You can shop various lenders for up to 30 days without adversely affecting your credit report. Items to check with the various lenders:

  • Are they with a reputable company or bank?
  • Ask for a list of their fees.
  • What are the total fees/APR? It should be close to your interest rate, and if not, why?
  • Is there a prepay penalty?
  • Does the loan or loan program sound too good to be true? If so, it might be!

A reputable loan officer will be able to assist you in determining the right type of mortgage for your situation.

Can I find the value of a home through the internet?

You can get some idea of a home's value by searching the Internet. For the Tulsa metropolitan area, on the TulsaRealtors.com website, click on “Estimate your Home’s Value”. This service does not produce an official appraisal; and it does not factor in market nuances or other issues a certified appraiser or real estate professional will consider in assessing the value of your home.

What is the best way of finding out how much a home is worth?

The best way to find the value of your home is to contact a REALTOR® for a comparative market analysis. Either an appraisal or a comparative market analysis is the most accurate way to determine what a home is worth.

How do you determine the value of a foreclosed property?

Buyers considering a foreclosure property should obtain as much information as possible from the lender, including the range of bids expected. It also is important to examine the property. If you are unable to get into a foreclosure property, check with surrounding neighbors about the property's condition. It also is possible to do your own cost comparison through researching comparable properties recorded at the county assessor's office, or through Internet sites specializing in property records.

What is the difference between list price, sales price and appraisal value?

The list price is a seller's advertised price, a figure that usually is only a rough estimate of what the seller wants to get. Sellers can price high, low or close to what they hope to get.

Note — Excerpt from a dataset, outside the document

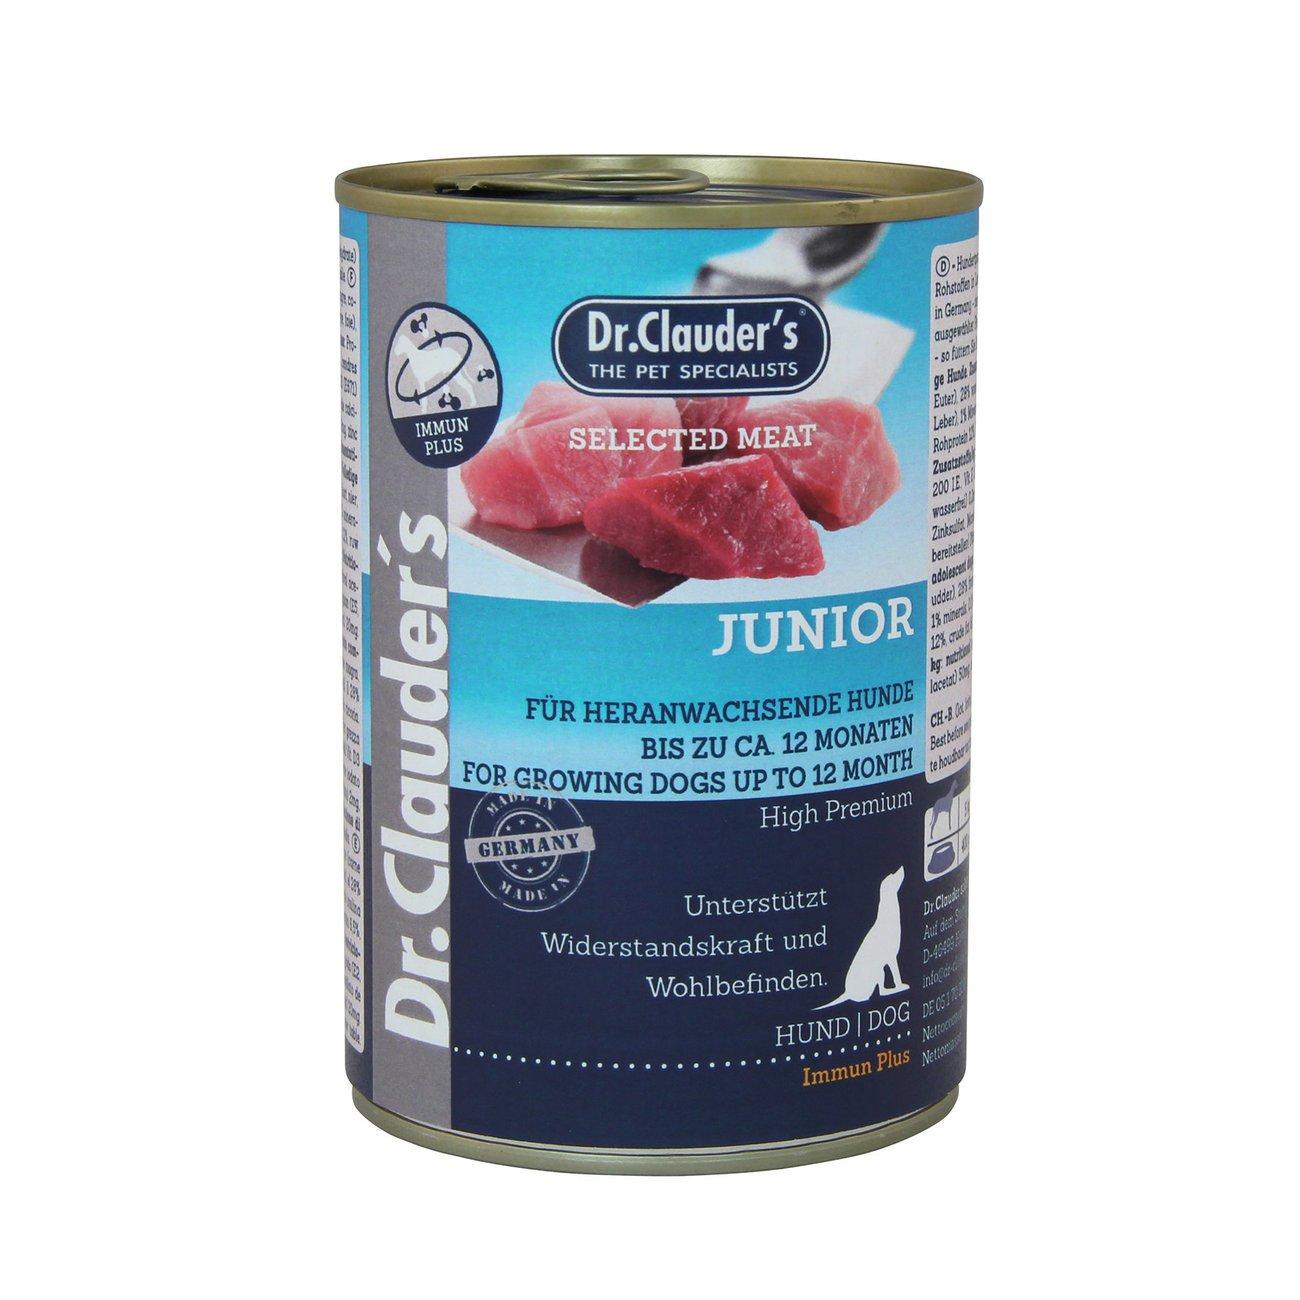 Dr. Clauders Selected Meat Junior Immun Plus

To judge whether the list price is a fair one, be sure to consult comparable sales prices in the area.

The sales price is the amount of money you are willing to pay for the property and seller agrees to accept.

The appraisal value is a certified appraiser's estimate of the worth of a property, and is based on comparable sales, the condition of the property and numerous other factors.

What is the difference between market value and appraised value?

The appraised value of a house is a certified appraiser's opinion of the worth of a home at a given point in time. Lenders require appraisals as part of the loan application process.

Market value is what price the house will bring at a given point in time. A comparative market analysis is an informal estimate of market value, based on sales of comparable properties, performed by a real estate licensee. Either an appraisal or a comparative market analysis is the most accurate way to determine what your home is worth.

What standards do appraisers use to estimate value?

Appraisers use several factors when estimating a home's value, including the home's size and square footage, the condition of the home and neighborhood, comparable local sales, any pertinent historical information, sales performance and indices that forecast future value.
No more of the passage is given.